Some people say that if you try to do this too often it can damage your credibility, but then again, there’s people like Howard Stern who’ve made a pretty good living being controversial 100% of the time.
4) Current Events
One way to get traffic is to tie your website into current events or to offer your own take on current event within your industry. The trick with using current events is to make sure they’re current. In this day of 24 hour news stations, constantly updated news websites like CNN.com, news that happened last week is already old news. Also, remember that it’s not enough to just cover the news, there are plenty of other sites that do that already. Give your own take on things and don’t be afraid to ruffle some feathers with your views.
Start a contest on your site. I run an American Idol fan site just for fun, and one thing that we did to boost traffic to the site was run a competition to predict who the top three finalists were going to be, and we gave away CDs to everyone who got it right. This promotion got my site featured on several giveaway sites and was linked to in several other American Idol themed blogs. It resulted in a lot of traffic while the competition was open and we ended up getting a low more loyal readers to the site as a result. And with a fan site, you need as many readers as possible.
However, just having a competition or having great content isn’t always going to be enough, especially if you don’t already get a lot of traffic to your website.
You’re likely going to need to take matters into your own hands and do a little bit of self promotion. Also, keep in mind that not every type of linkbait you try is going to work. While I don’t like to use the term luck, since it implies you have no control, luck does play into things a little. Wildly successful linkbaiting campaigns require the right person or people seeing it at the right time.
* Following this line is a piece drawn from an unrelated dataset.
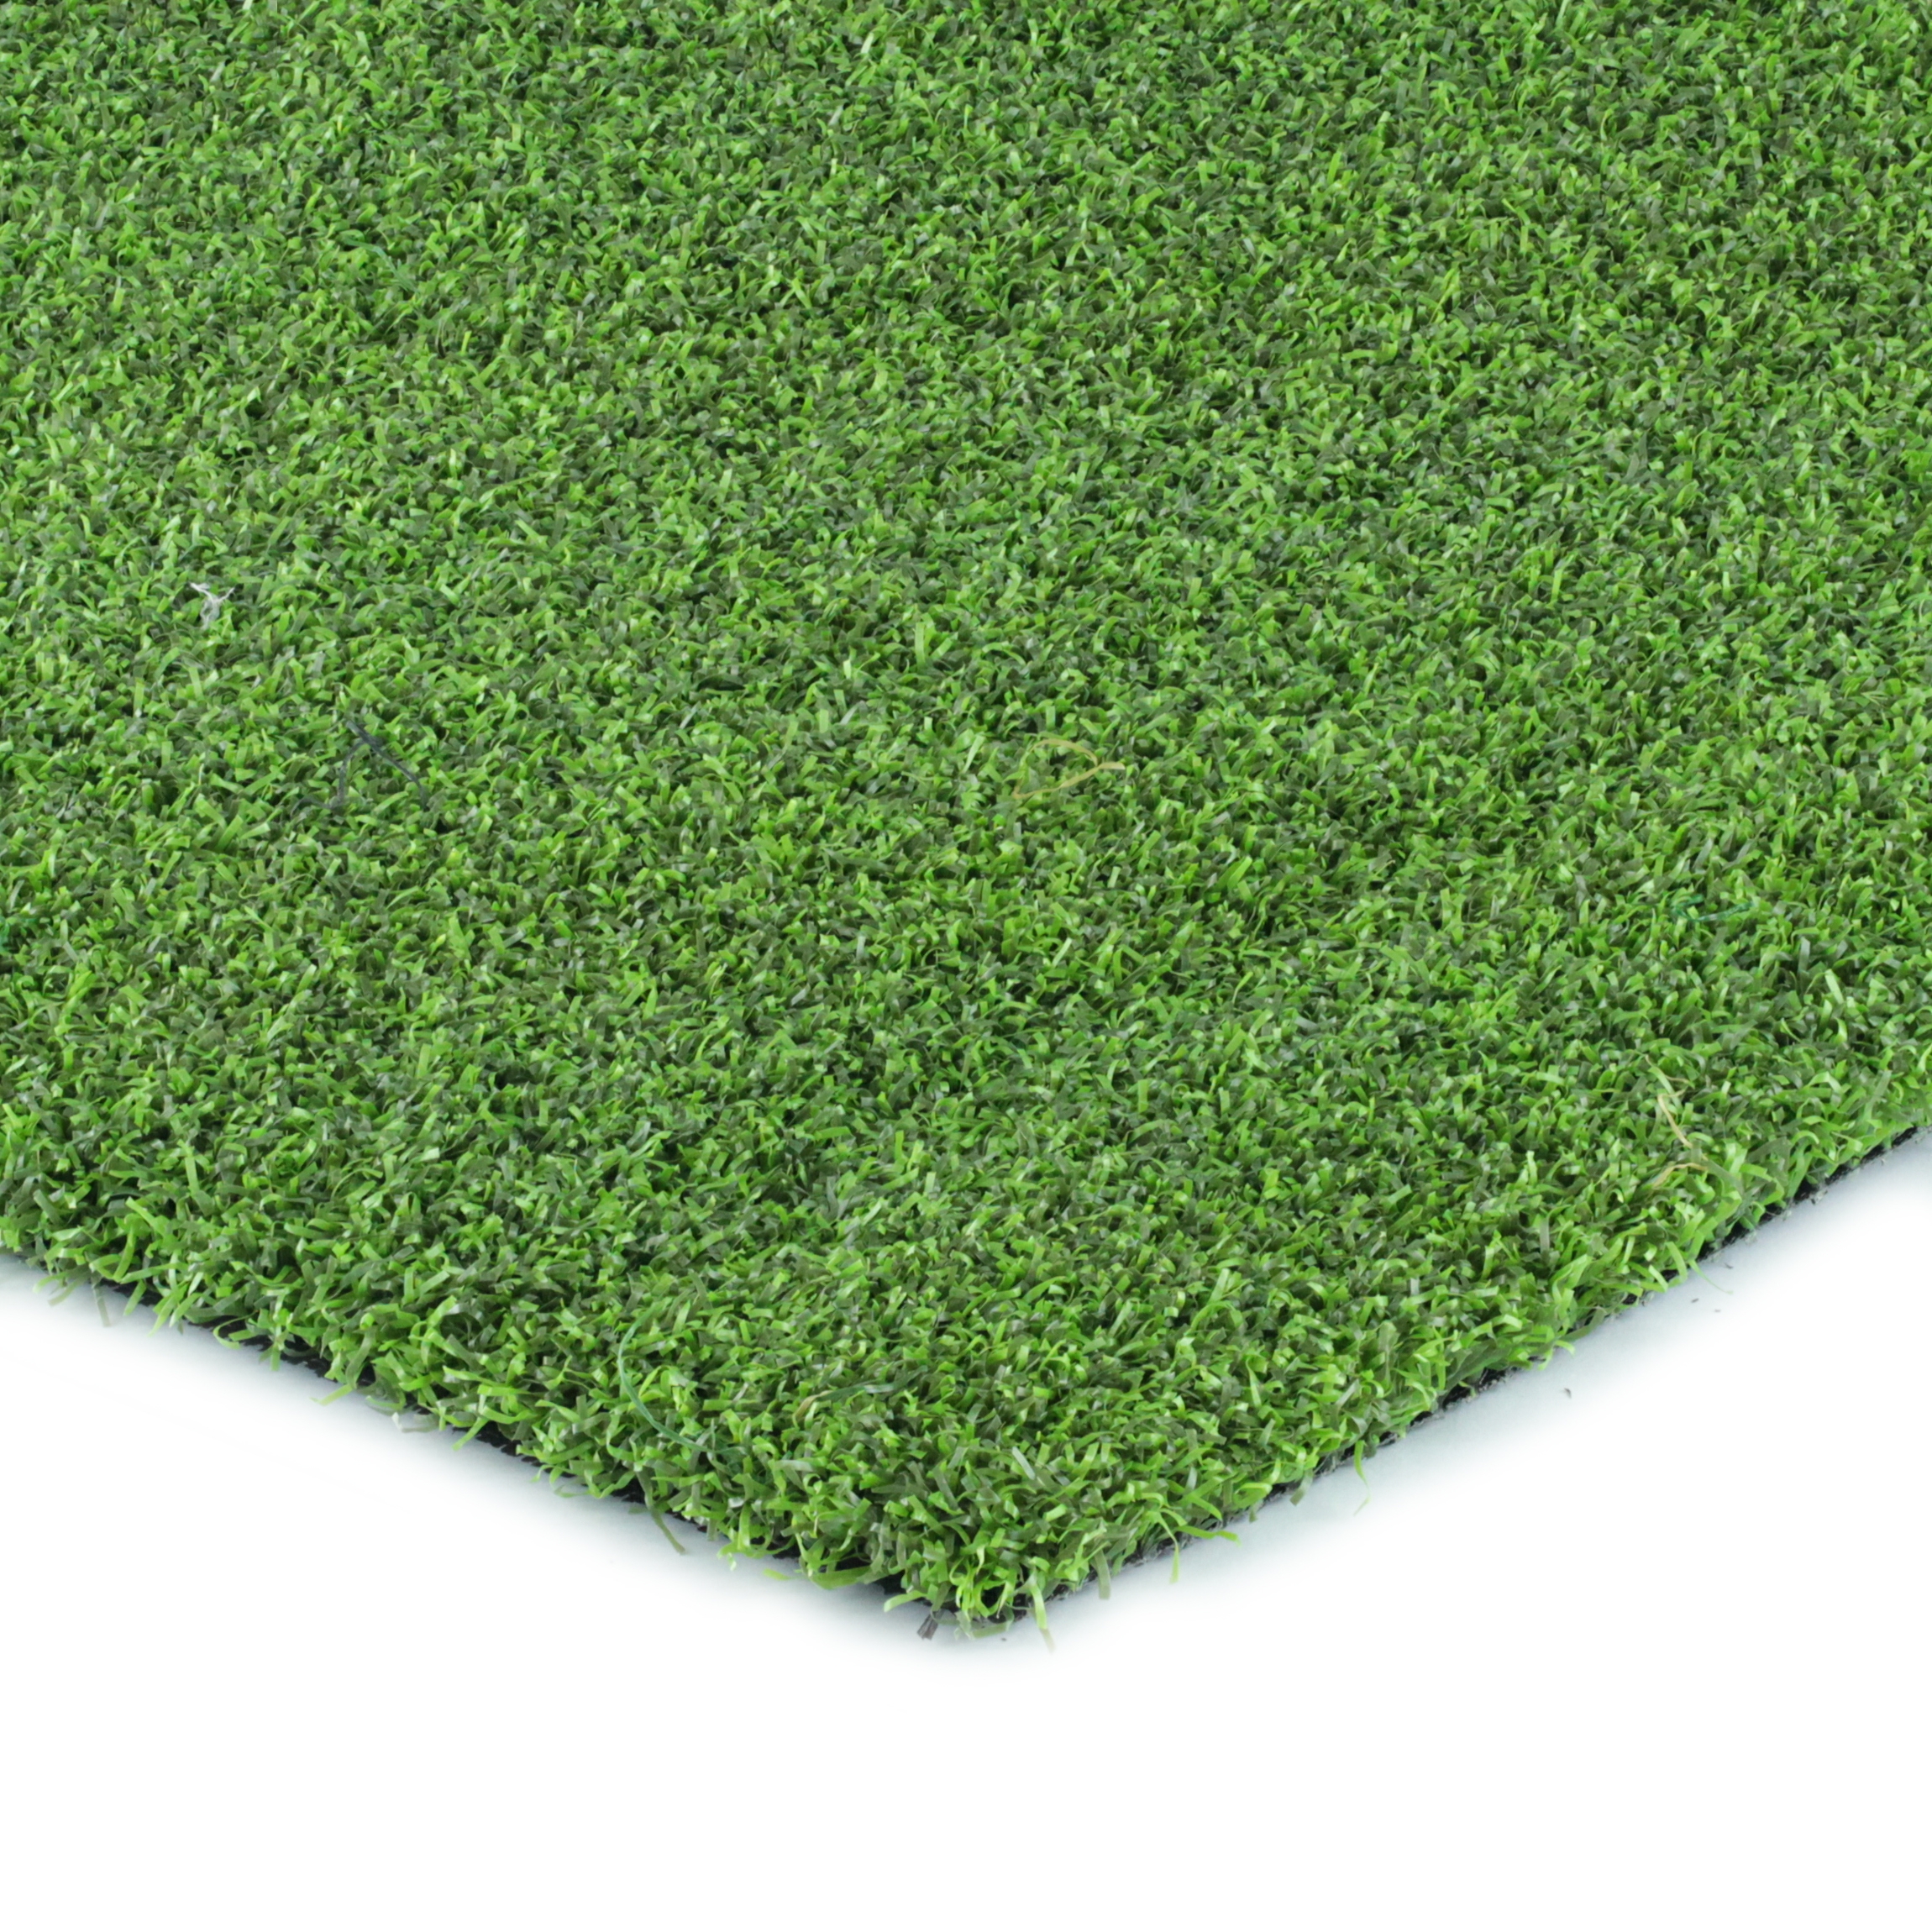 Artificial Grass Accu-Putt Best Artificial Grass

Some estimates that I’ve seen are that for every four attempts at linkbait, not just regular blog posts, but actual attempts to create linkbait, one of them will get some links. Maybe one in twenty will be homeruns. So this is kind of like baseball you’re going to strike out more than you get a hit, and only once in a while hit one out of the park, but when you do, be ready for massive traffic and links.
One thing that you should do when creating linkbait is to think like a copywriter. For example, the most important element of a salesletter is the headline. If you write a compelling headline that attracts attention, you’re halfway there. Linkbaiting is the same way you need to write great headlines that will attract attention. Fortunately, it’s really easy to see what type of headlines are working, just head over to digg.com or netscape.com and read the headlines of the items that have made the popular pages.
Also, you don’t want to write like you’re trying to get in a scientific journal. Again, write like a copywriter. Use short paragraphs, informal grammar (i.e. write like you talk), use slang when appropriate, feel free to insert pictures and videos.
Also, don’t be afraid to do a little self promotion. Don’t wait for someone else to submit your post to digg or netscape do it yourself. Post in related forums and ask what people think or even email other bloggers and ask them for a critique.
And that’s linkbaiting in a nutshell.
While it’s not quite as simple as article marketing or directory submissions, it has tremendous upside, and is well worth learning how to do.
One of these days I’ll upload my hour long tutorial from my now unavailable link building course, Mission Unlinkable, but for there are plenty of good guides you can find online if you Google it or search Youtube.